I'm a high school student (11th grade, CBSE curriculum). My first language isn't English.
So here's my question:
Having a unique perimeter, let's say $x$ units, how many right-angled triangles, if a finite number of them, do exist? Are there infinitely many right-angled triangles having the same perimeter? How do we prove that, in case it's true or false?
(Why is my question put on hold as “off-topic”? What does that even mean)
On
A selection of a right triangle comes down to choosing lengths $a$ and $b$ for the legs which will then determine the length $c$ of the hypotenuse by the Pythagorean Theorem $$c=\sqrt{a^2+b^2}.$$ So a natural rephrasing of the question would be: Given a positive number $x$ are there infinitely many pairs $(a,b)$ such that $a+b+\sqrt{a^2+b^2}=x$?
In fact, for each side length $a$ which is between $0$ and $x/2$ there is such a pair. And since there are infinitely many values between $0$ and $x/2$ there are infinitely many right triangles with perimeter $x$.
To actually prove this result you need to use something you will be familiar with if you have taken calculus, the Intermediate Value Theorem or IVT. The IVT states that if you have a continuous (no gaps or breaks in the curve) function $f$ such that $f(a)=c$ and $f(b)=d$, then if some number $q$ is in between $d$ and $e$, there will be a number $p$ that is between $a$ and $b$ such that $f(p)=q$. The IVT is essentially saying that if a curve passes through two values on the vertical ("y") axis, then it must also pass through every value in between.
Solving your problem provides a concrete example of the IVT. Suppose that $a$ is greater than $0$ and less than $x/2$. Think of $a+b+\sqrt{a^2+b^2}$ as a function in which $a$ is fixed and $b$ is variable. Then when $b=0$, $a+b+\sqrt{a^2+b^2}=a+a=2a<x.$ Also, when $b=x$, $a+b+\sqrt{a^2+b^2}=a+x+\sqrt{a^2+x^2)}\geq 2x >x.$ For certain values of $b$ the perimeter will be too small and for certain values of $b$ the perimeter will be too big. Therefore by the IVT there must be a $b$ which is just right, for which $a^2+b^2+\sqrt{a^2+b^2}=x.$ The IVT is our Goldilocks principle.
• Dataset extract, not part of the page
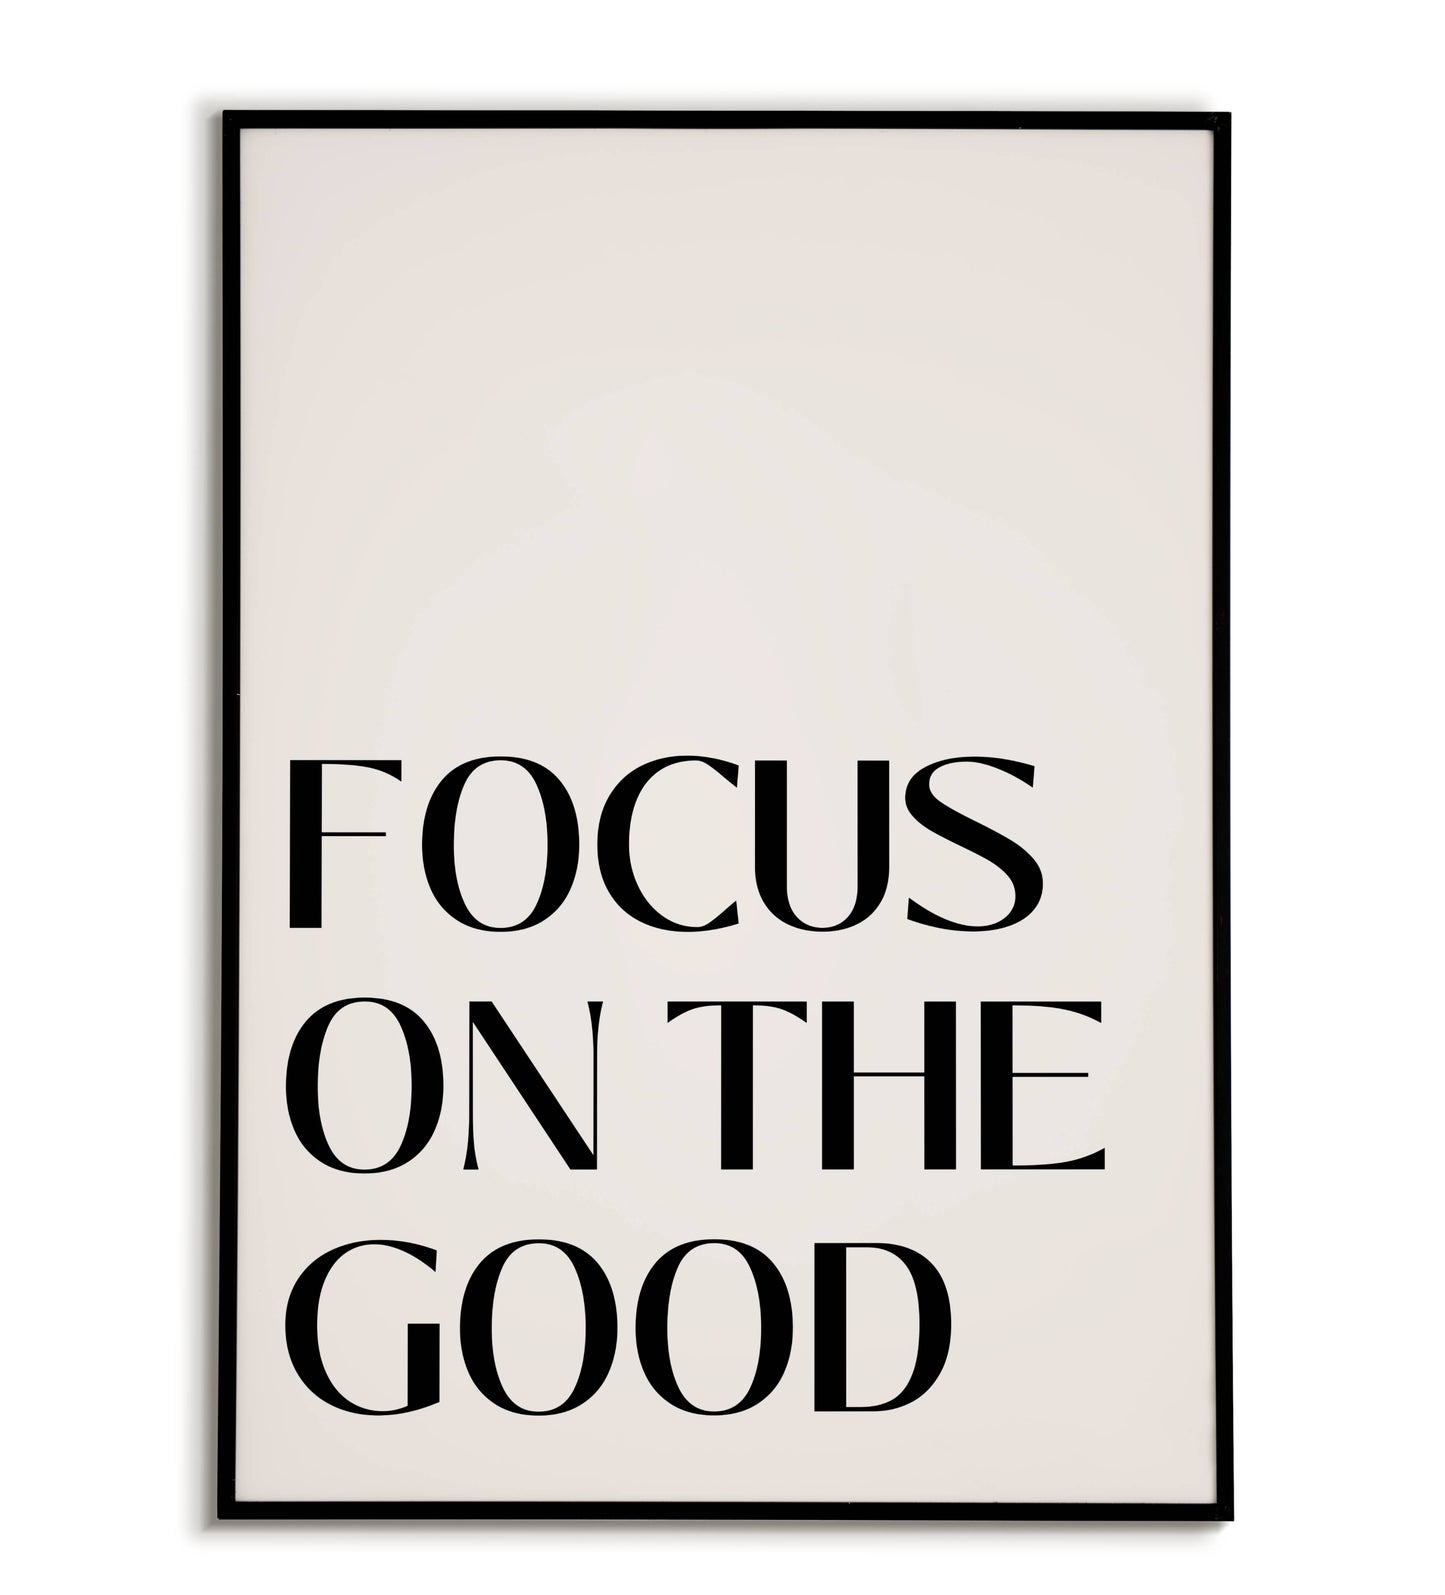 Focus on the Good - Printable Wall Art / Poster. A reminder to cultivate positivity.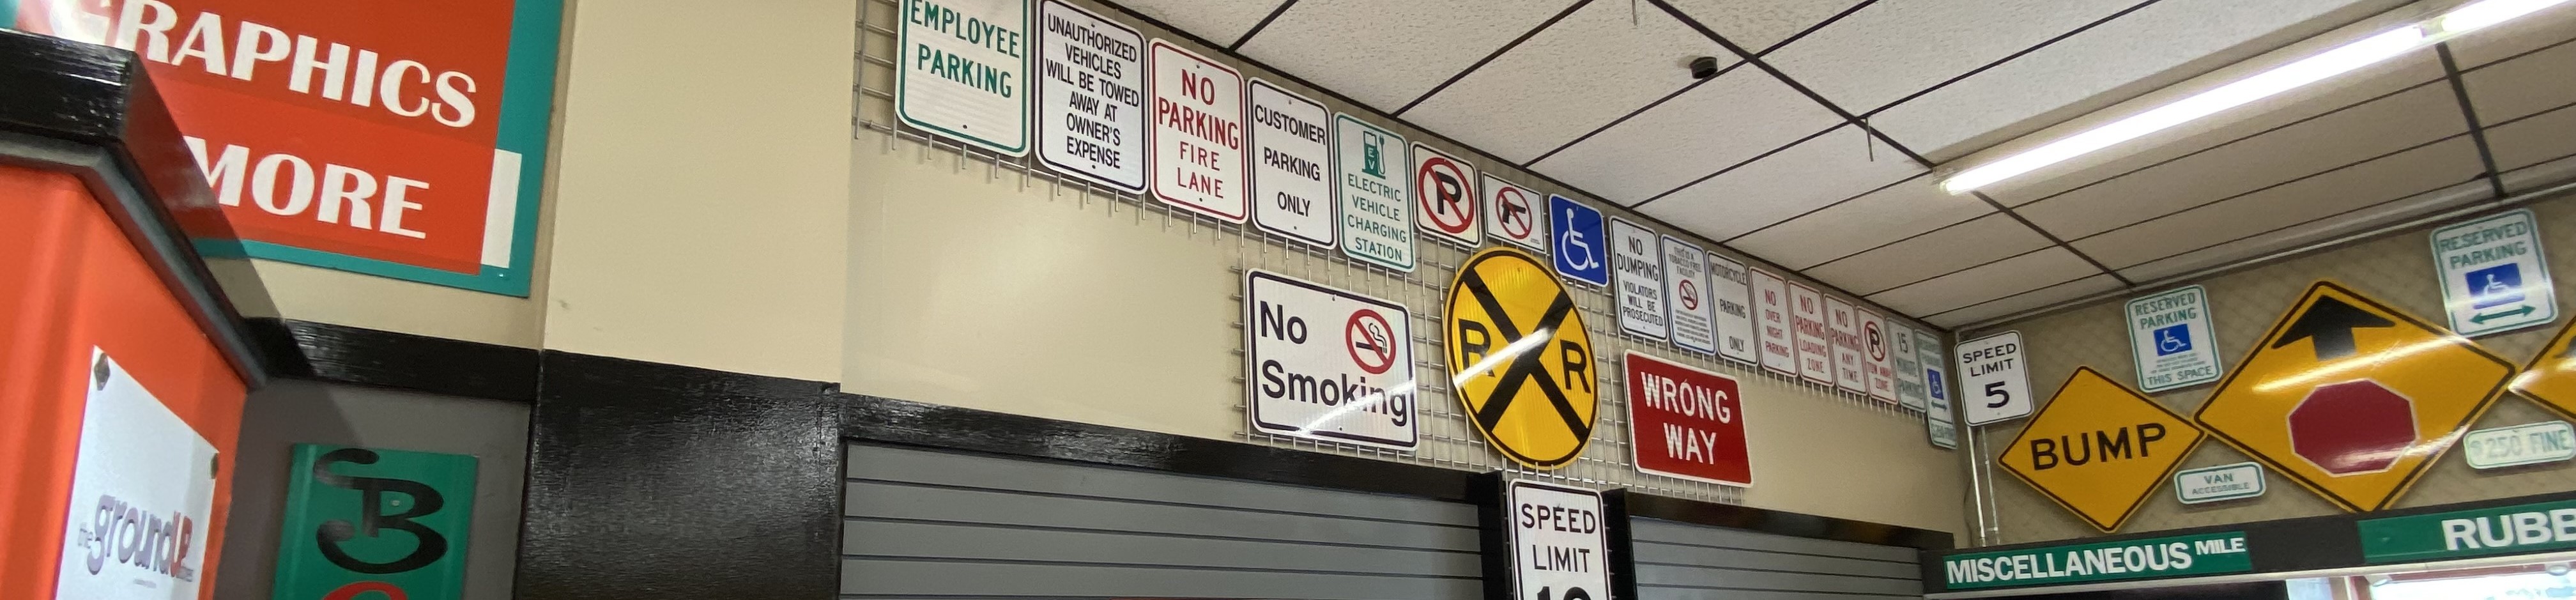 Parking Signs

Since every value of $a$ between $0$ and $x/2$ corresponds to certain $b$ and a certain right triangle with perimeter $x$ there have to be infinitely many right triangles with perimeter $x$.
HINTS
We may assume the perimeter is $1$. Then we want to know the number of solutions, in positive numbers, to $$x^2+y^2=z^2\tag{1}$$ subject to $$x+y+z=1\tag{2}$$ Substitute $(2)$ into $(1)$ to eliminate $z$ and you get $$2x+2y-2xy=1$$
The graph of this equation is a hyperbola, but not all the points on it correspond to positive $x,y,z$.
Take it from here.